Transaksi ju’alah itu memiliki kesamaan dengan transaksi ijarah (jual jasa)
yaitu adanya upah karena mendapatkan manfaat atau jasa. Namun ada
beberapa perbedaan antara transaksi ju’alah dan ijarah. Detailnya adalah
sebagai berikut:
- Pertama, ju’alah adalah transaksi yang mengikat manakala pekerja mulai
melakukan pekerjaannya. Pada saat itu, tidak boleh ada pihak yang
membatalkan transaksi secara sepihak. Sedangkan ijarah adalah transaksi
yang bersifat mengikat semenjak transaksi diadakan.
- Kedua, dalam transaksi ju’alah upah menjadi hak pekerja setelah dia selesai
bekerja dan pihak yang mempekerjakannya telah mendapatkan manfaat dari
pekerjaan yang dia lakukan.
Sedangkan dalam transaksi ijarah, upah atau uang sewa itu telah menjadi
hak pihak yang menyewakan manakala pihak yang menyewakan telah
memberikan kesempatan kepada pihak penyewa untuk memanfaatkan
barang yang menjadi objek transaksi. Upah dalam transaksi ijarah orang itu
sebanding dengan pekerjaan yang dilakukan. Dalam transaksi ijarah uang
sewa boleh diserahkan di muka.
- Ketiga, di antara syarat sah transaksi ijarah adalah adanya kejelasan jasa
dan atau manfaat yang dijual disamping kejelasan masa sewa. Adapun dalam
transaksinya tidak disyaratkan harus ada kejelasan masa kerja boleh jadi
sebentar, boleh jadi lama semisal transaksi ju’alah untuk mengembalikan
hewan yang kabur.
Dalam transaksi ju’alah hanya disyaratkan adanya kejelasan jasa atau
manfaat yang menjadi objek transaksi. Adapun kejelasan besaran upahnya
mengacu kepada upah standar di suatu daerah untuk pekerjaan semacam itu
jika terjadi sengketa antara dua orang yang mengadakan transaksi ju’alah.

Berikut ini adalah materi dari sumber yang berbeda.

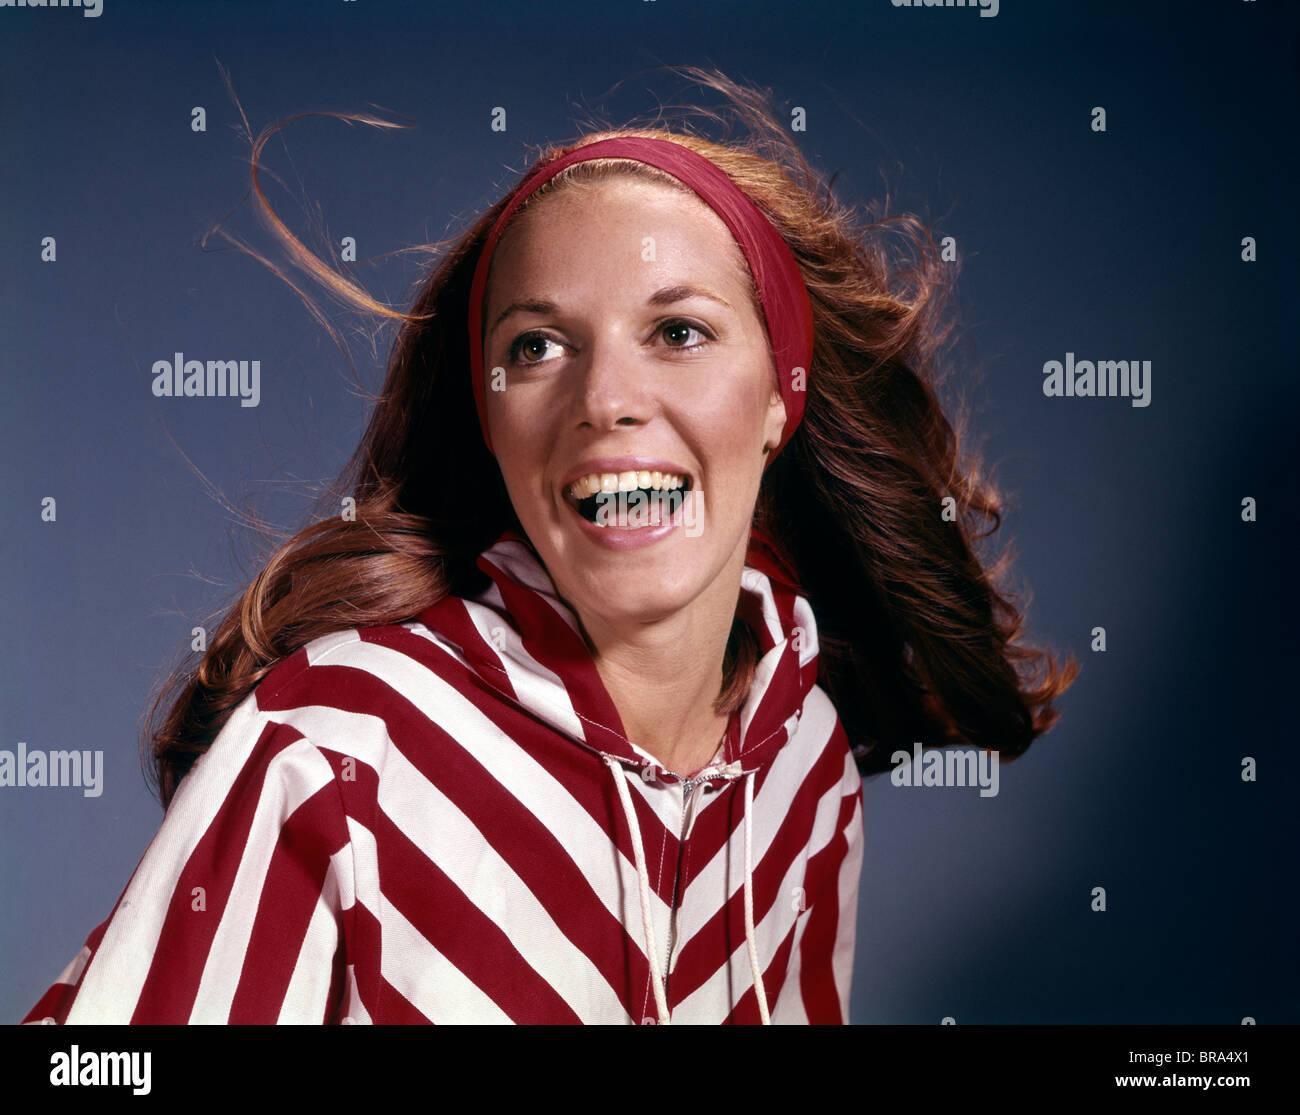 1960 Retrato sonriente riendo mujer chaqueta roja a rayas de diadema de moda retro Imagen De Stock
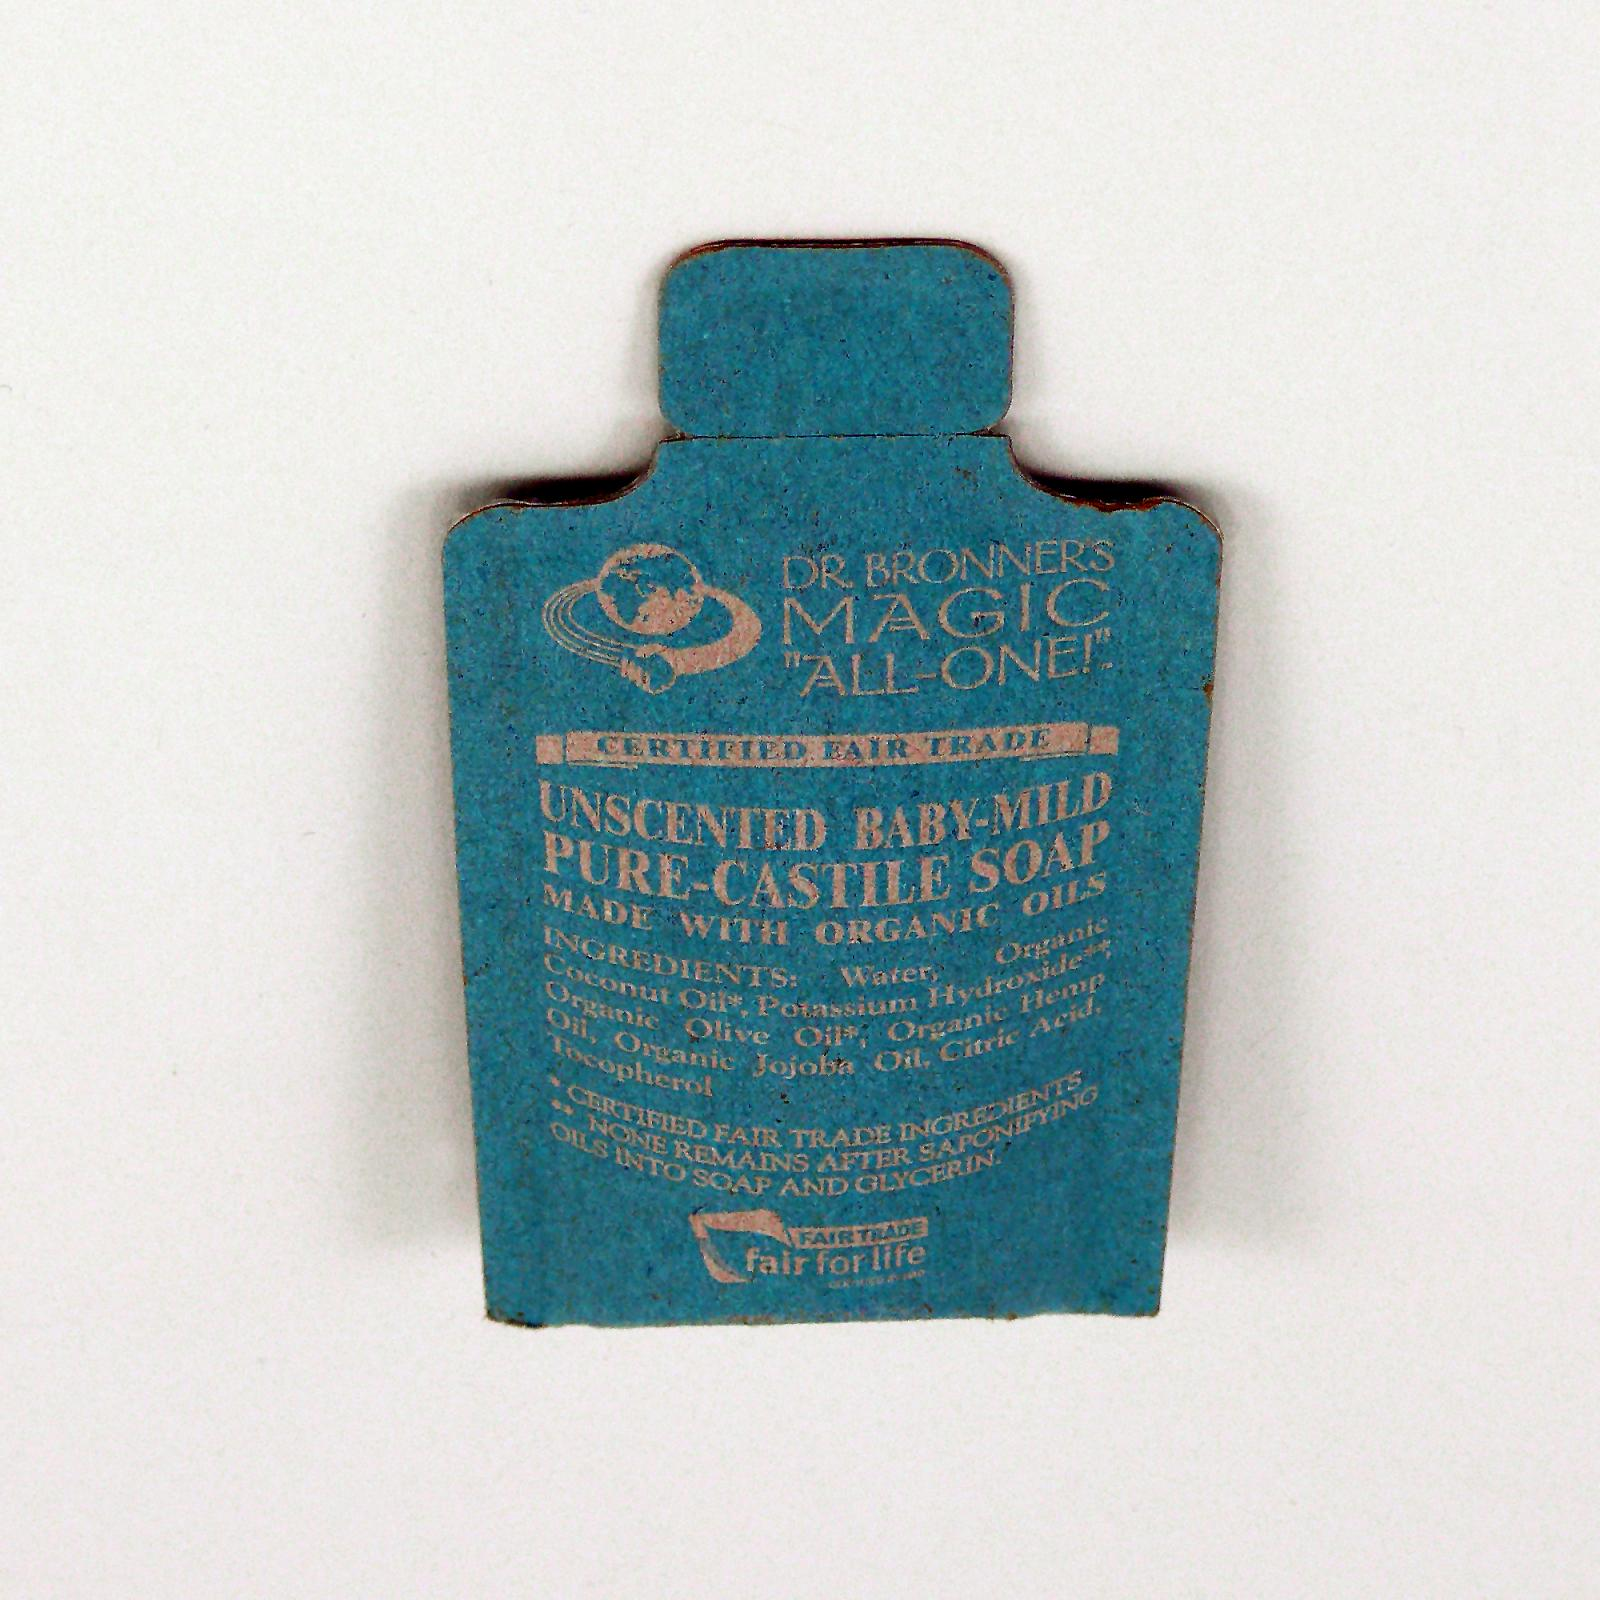 Dr. Bronner´s Tekuté universální mýdlo ALL-ONE!, Baby-Mild 10 ml

Adapun contoh dari ju’alah dengaan umpamanya, seseorang berkata: “Siapa
saja yang dapat menemukan SIM atau KTP saya yang hilang, maka akan
saya beri imbalan upah lima pulih ribu rupiah”.
Dalam masyarakat Indonesia ini, biasanya diiklankan di surat kabar supaya
dapat dibaca orang.

Perbedaan pendapat anatara para ahli mazhab.


a.Mazhab maliki mendenifisikan ju’alah: “suatu pah yang dijanjikan sebagai
imbalan atas suatu jasa yang belum pasti bisa dilaksanakan oleh seseorang.
b.Mazhab Syafi;i mendenifisikannya: “seseorang yang menjanjikan suatu
upah kepada orang yang mampu memberikan jasa tertentu kepadanya”.